The first of these bills was similar in intent to Bill S-203. The latter was similar in many ways to previous government bills that have been before Parliament over the last decade but did not pass. In Ontario, the simpler bill passed with the help and support of us and our colleagues at the Ontario Farm Animal Council. Understandably, the OSPCA initially supported the more comprehensive bill, but in the end, they realized that some progress was better than nothing and threw their support behind the other bill to move forward.
Since the passage of that bill, illegal puppy mills have faced increasing scrutiny, and the opportunity to lay charges has been strengthened.
Over the past two weeks, articles have appeared in several media sources across the country extolling the virtues of both previous government bills and the bill introduced by the honourable member for Ajax--Pickering. These same articles included a comment that suggested that the passage of Bill S-203 would be a sad day.
It defies belief how the passage of simple legislation that increases the court's ability to more severely punish animal abusers could be construed in this fashion, unless there is another agenda at play.
My confusion was apparently shared by a former animal cruelty inspector, who responded to these same media articles with a sense of indignation. He noted in his letter to the media that the cases cited in the articles could already be prosecuted under existing law. So what was the purpose of bringing in new laws? His comment is supported by statistics provided by a previous witness who quoted figures in the OSPCA annual report that demonstrate that the number of charges being laid are up. Convictions are successfully achieved in 80% to 90% of the cases under the current law. The former inspector who responded to those media articles noted that simply increasing the penalty should suffice, which is something that Bill S-203 does.
Last week, with reference to the previous government bills that failed to pass, a witness before this committee pointed out that poorly written laws are no substitute for inadequacies in the current law. We strongly concur, as apparently does the animal cruelty inspector I referenced before, who noted that bad laws won't protect animals from cruelty, but tougher enforcement and longer sentences might.

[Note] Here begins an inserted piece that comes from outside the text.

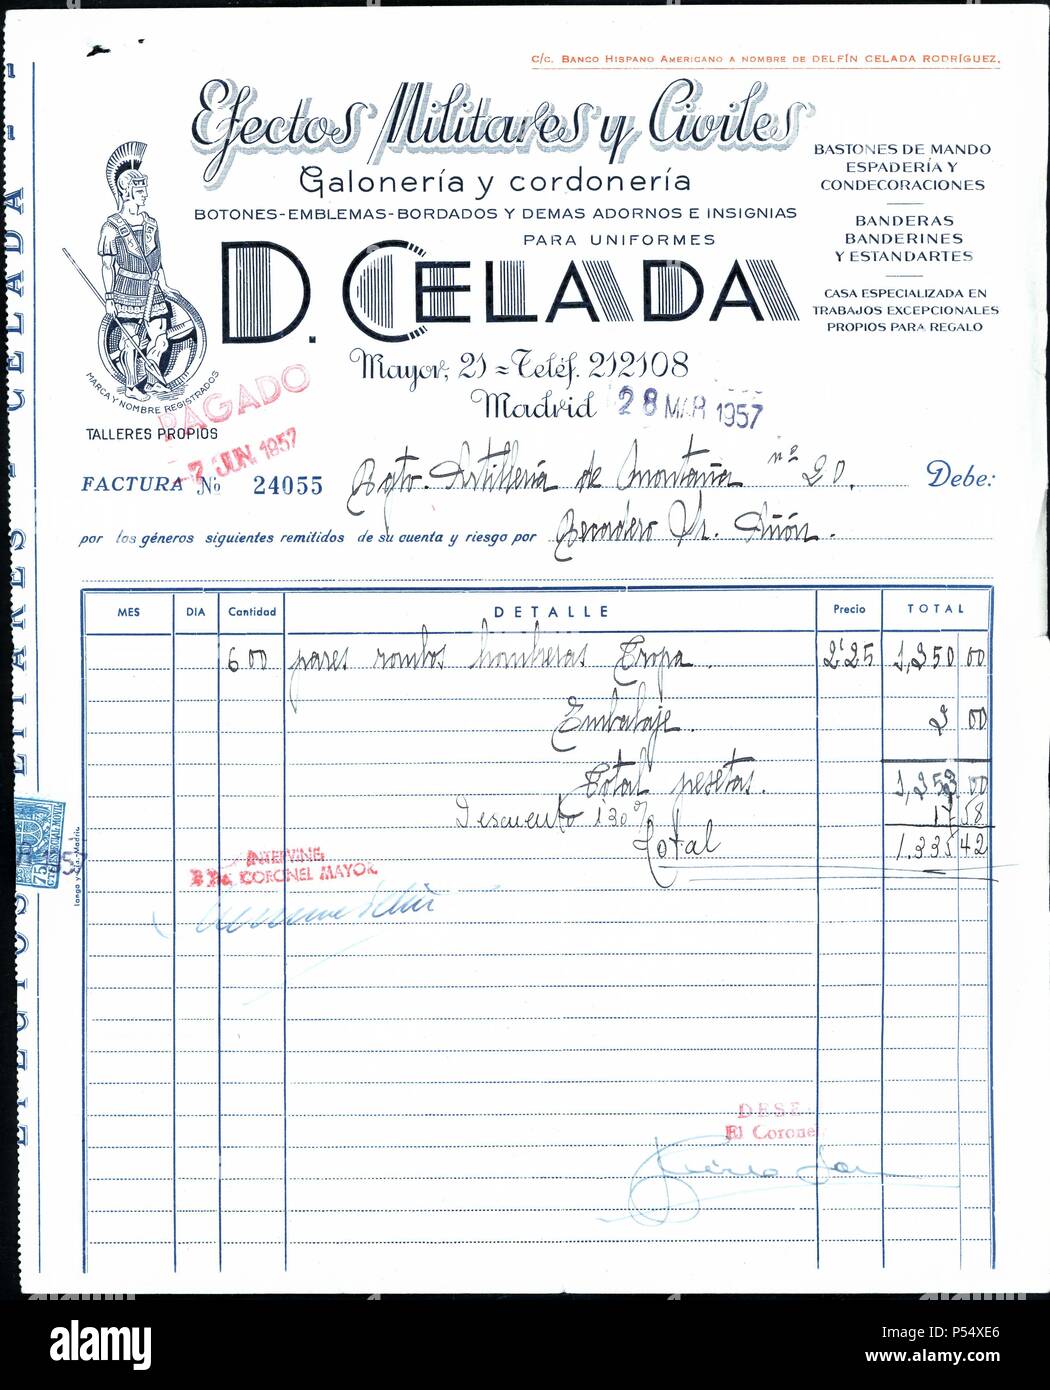 Factura del comercio de efectos militares y civiles, D. Celada, de Madrid.  Marzo de 1957 Stock Photo - Alamy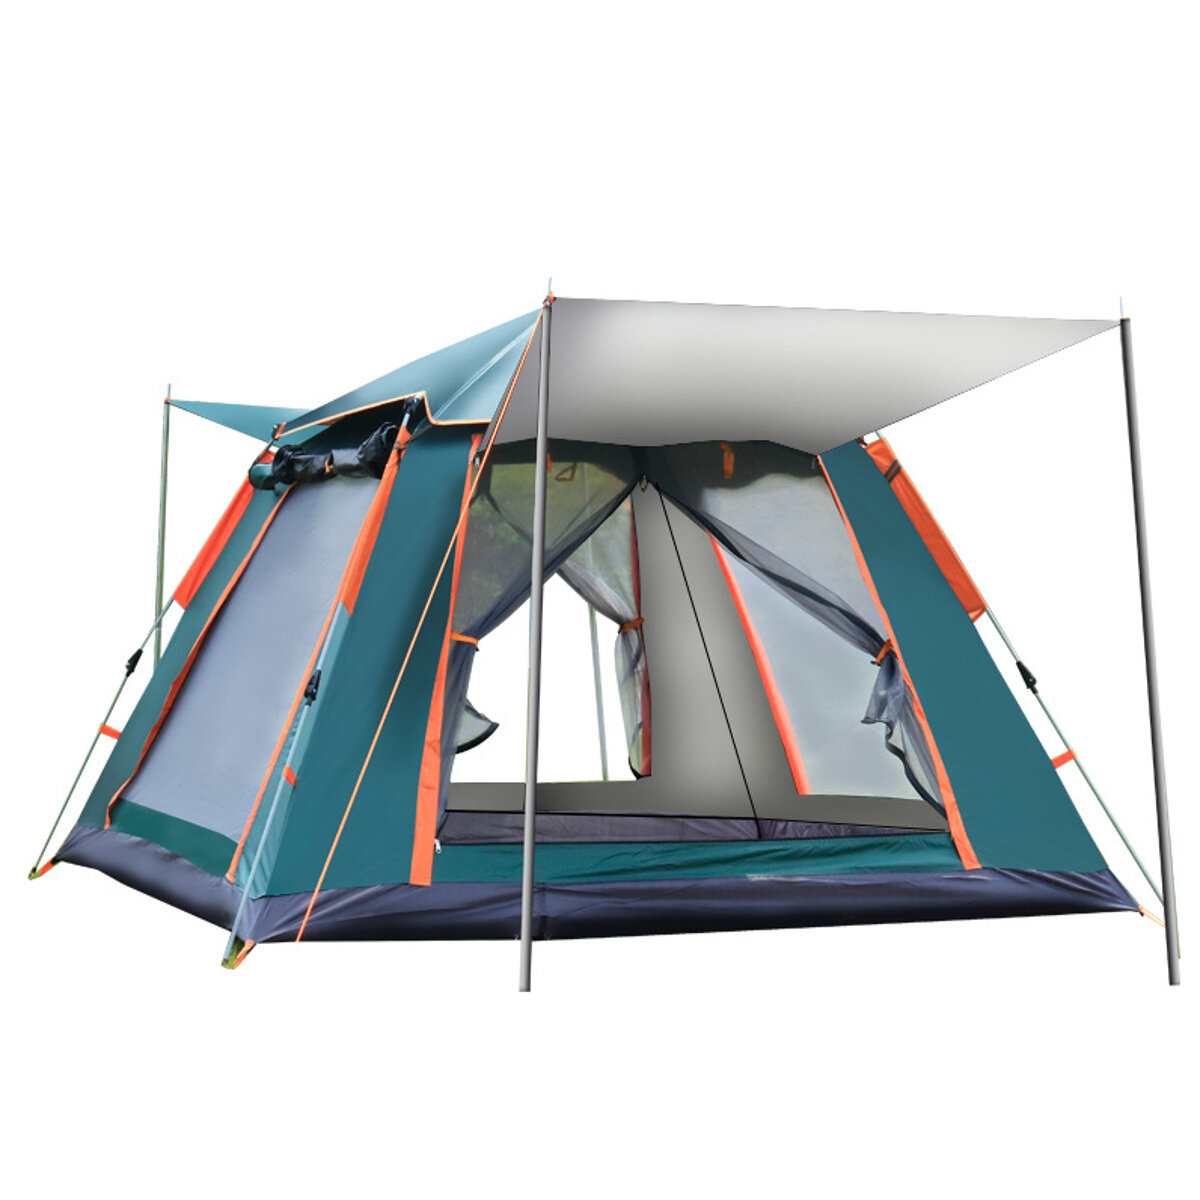 IPRee® 6-7 أشخاص خيمة أوتوماتيكية بالكامل غراء فضي في الهواء الطلق التخييم الأسرة نزهة خيمة السفر

In this country there is strong, broadly based support for the new penalties contained in Bill S-203, both inside the government and in the broader general public. The bill has already been approved by the Senate. It represents the best opportunity in the last 10 years to pass legislation that addresses legitimate public concerns about heinous acts of animal cruelty and provides a more effective response than what is currently available.
Despite the unfortunate characterization by some of Bill S-203 as the lesser of two evils, which it clearly is not, passage of the bill will change the status quo and will give the courts the tools to sentence persons convicted of criminal offences against animals to more meaningful penalties that reflect the nature of these crimes.
We find ourselves on the cusp of an opportunity to do the right thing. The will to effect change clearly exists, and the debate around this issue has dragged on long enough. Before me you will see the evidence of that. These are all the debates in Parliament we've been through on these bills over the last 10 years, and yet no progress has been made.
Senator Bryden's attempt to propose a workable solution should be applauded. His bill may not be all things to all people, but it is a step forward and needs to be passed unamended; otherwise the debate will continue and the best opportunity we've had in a decade to achieve something of value will have been lost.
I thank you again, honourable Chair and members of the committee, for your time, your courtesy, and the opportunity to appear before you here today. Thank you.